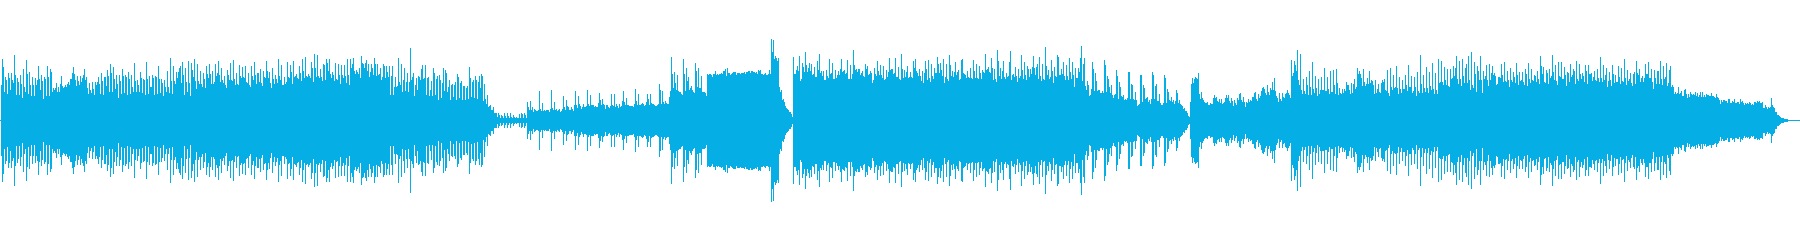 90年代風のユーロテクノ音楽。さま...の再生済みの波形
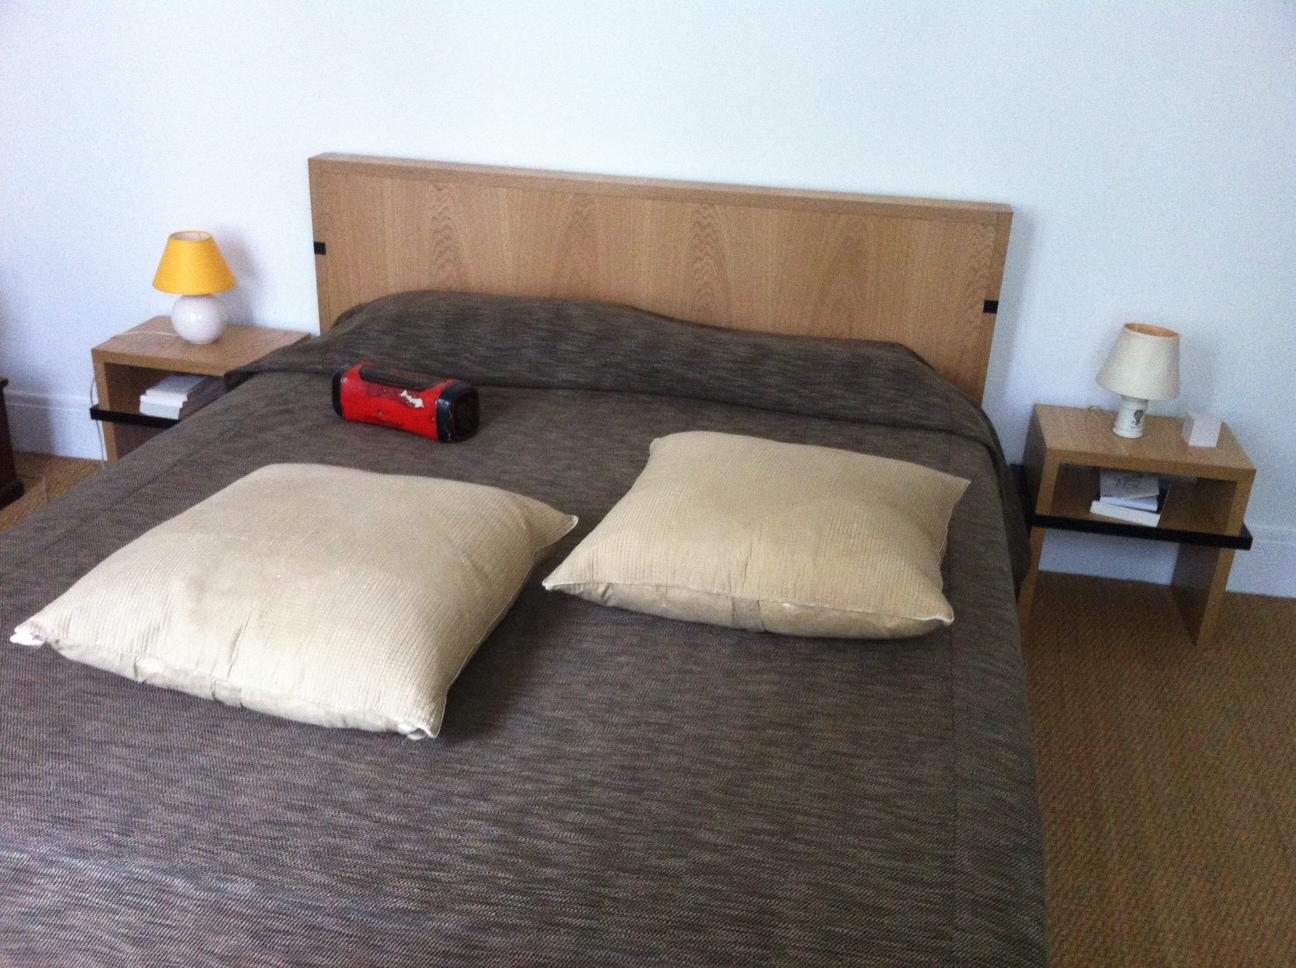 labo voluptas eb nisterie t te de lit et tables de chevet. Black Bedroom Furniture Sets. Home Design Ideas
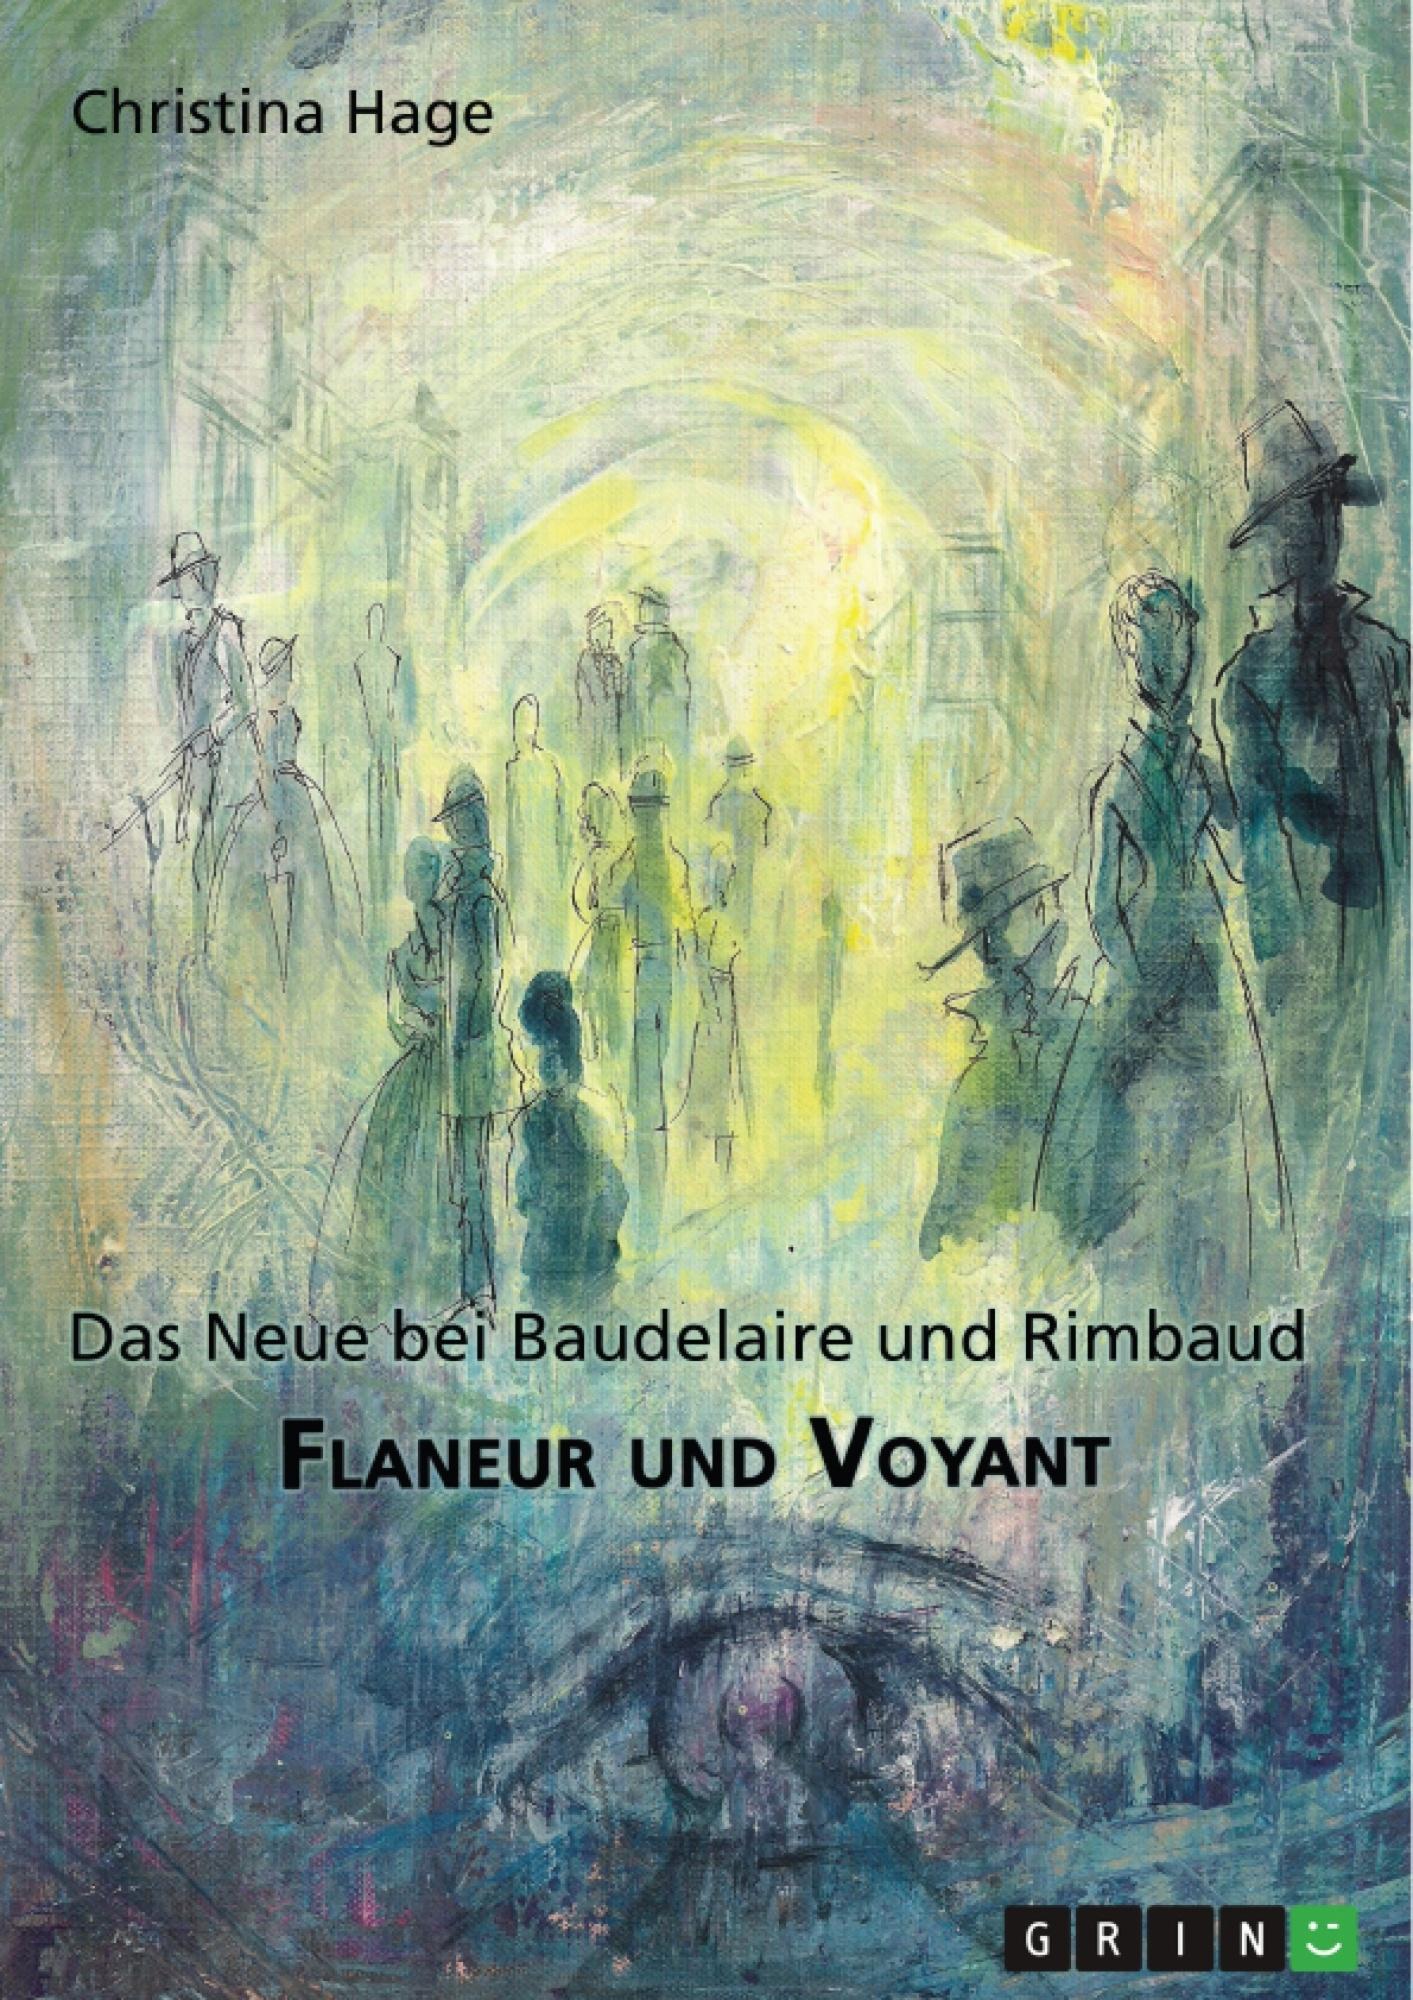 Titel: Flaneur und Voyant. Das Neue bei Baudelaire und Rimbaud
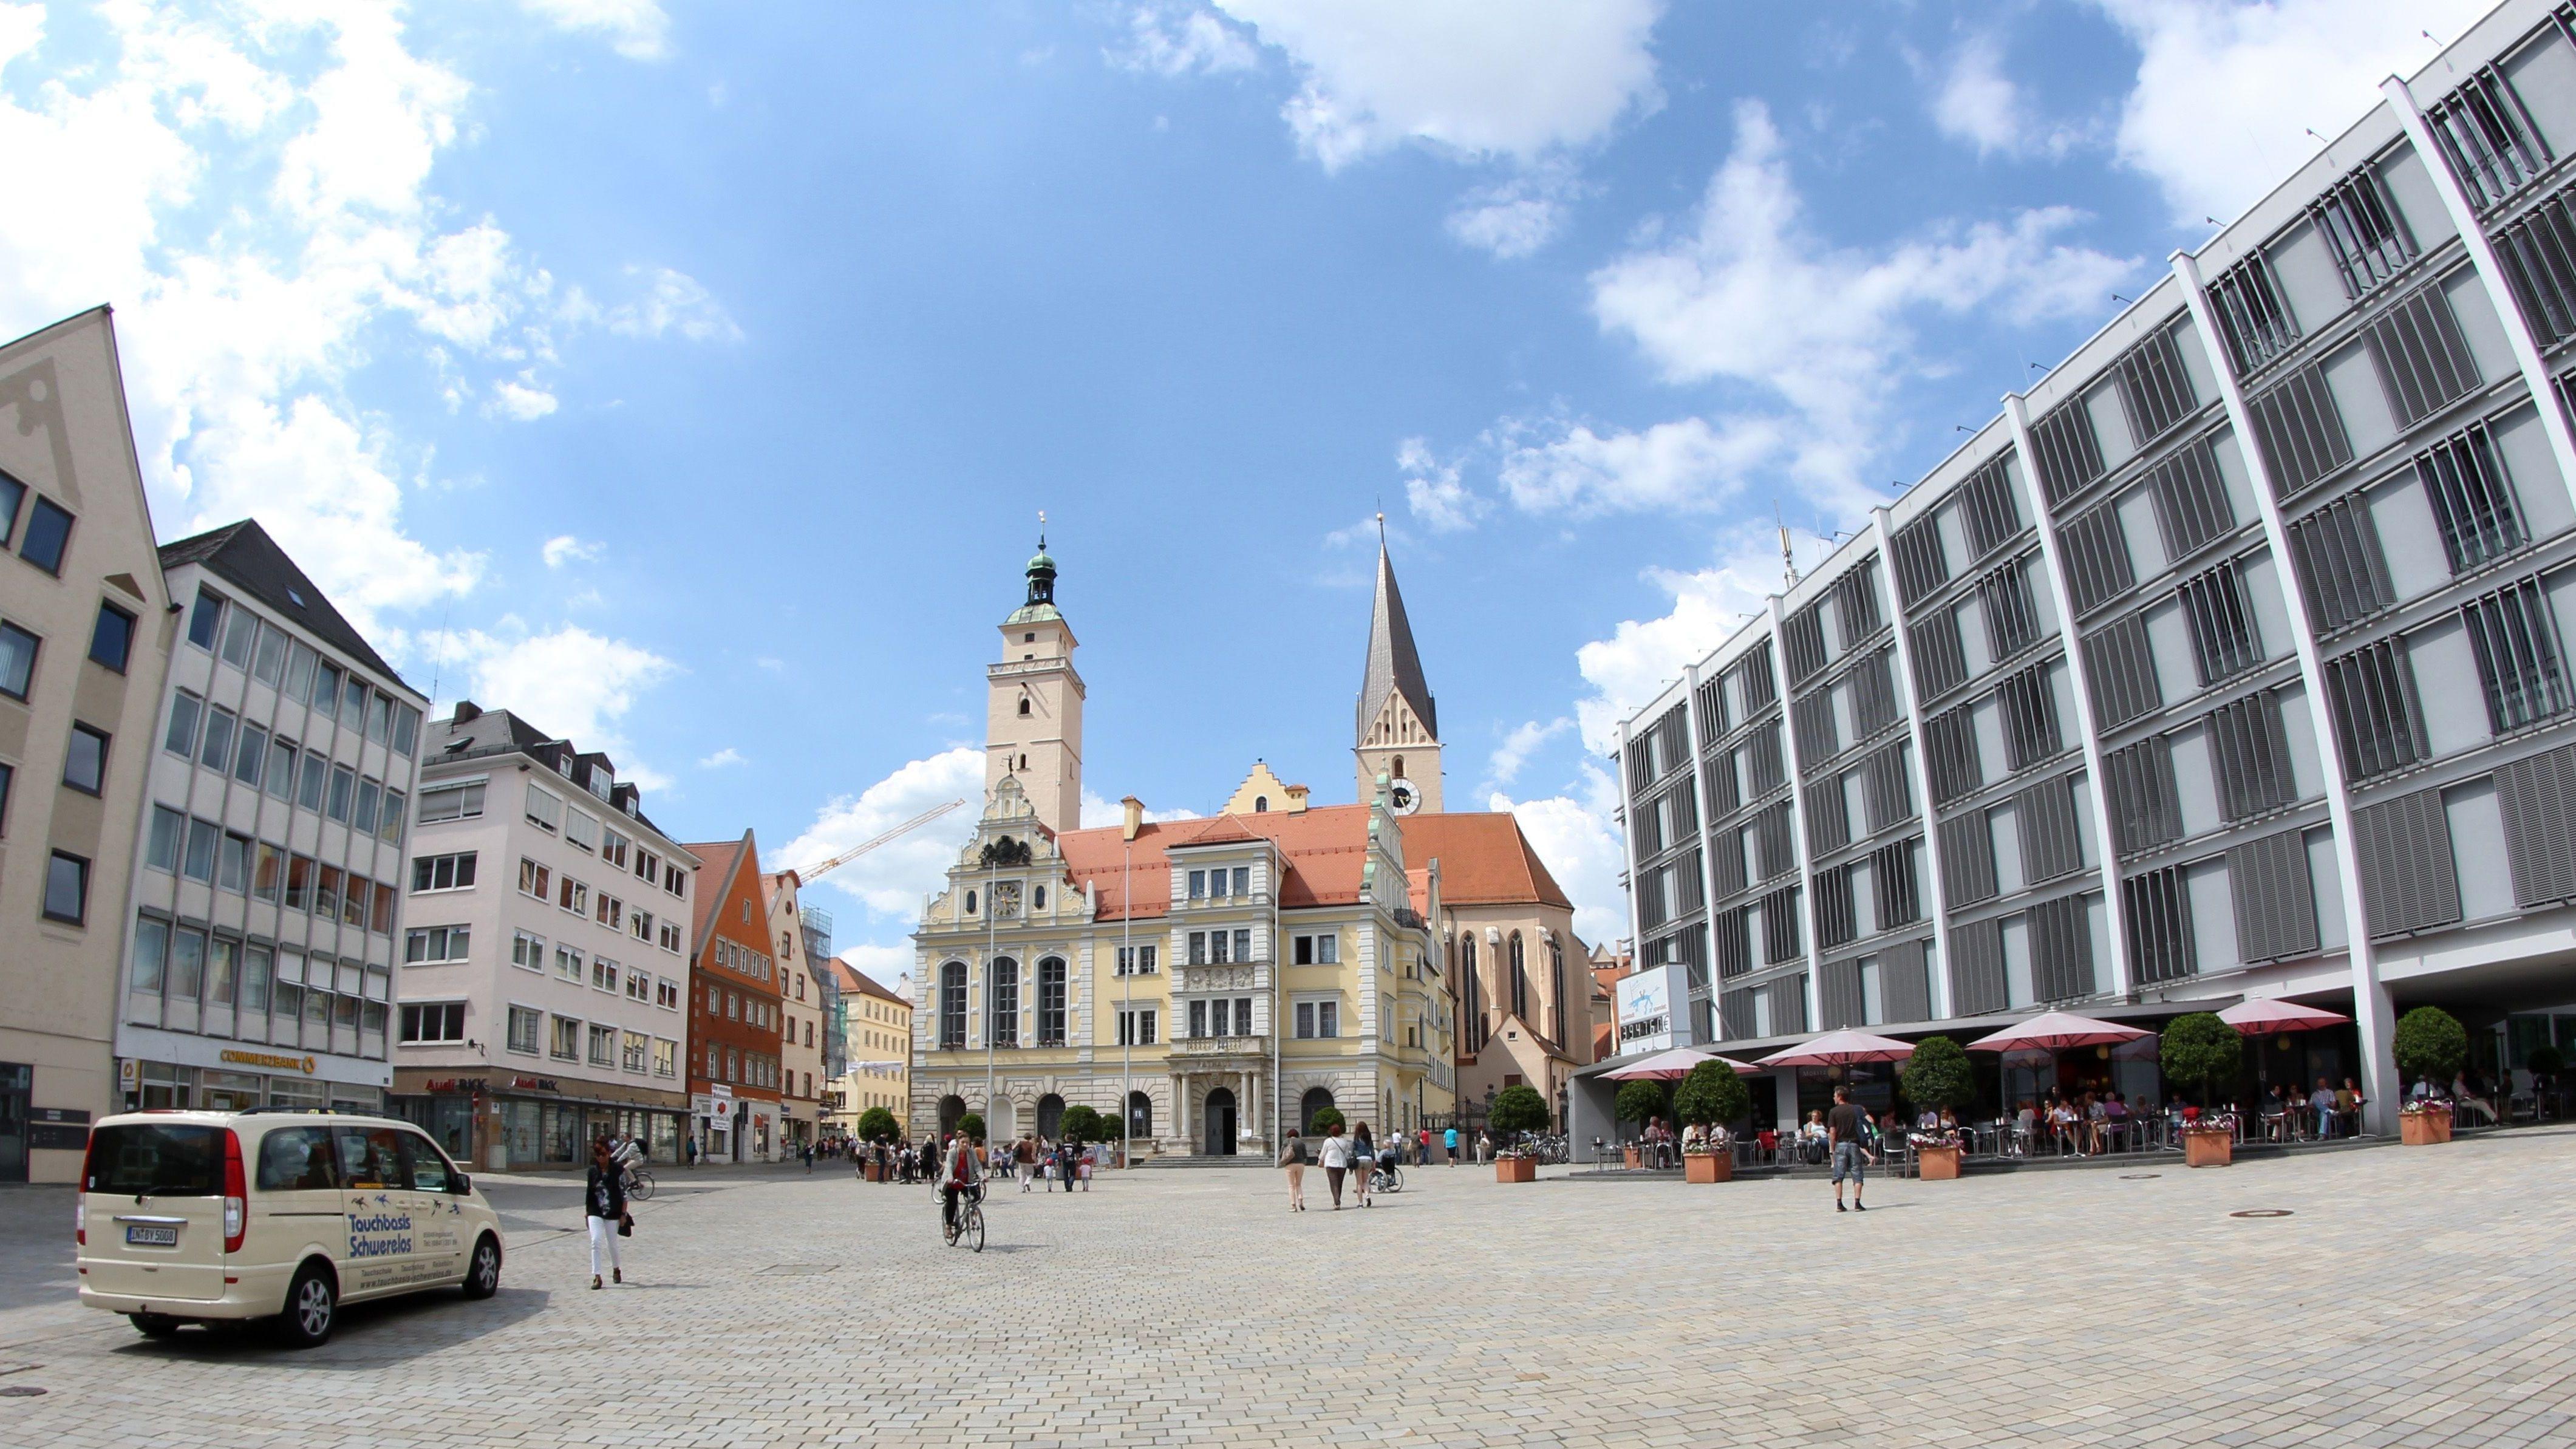 Rathausplatz mit Altem und Neuem Rathaus in Ingolstadt

_ACTIVITY:_
Reproduce the full listing verbatim so that only the pictures are missing.

_EXPECTED ANSWER:_
 90年代風のユーロテクノ音楽。さま...の再生済みの波形
 labo voluptas eb nisterie t te de lit et tables de chevet. Black Bedroom Furniture Sets. Home Design Ideas
 Titel: Flaneur und Voyant. Das Neue bei Baudelaire und Rimbaud
 Rathausplatz mit Altem und Neuem Rathaus in Ingolstadt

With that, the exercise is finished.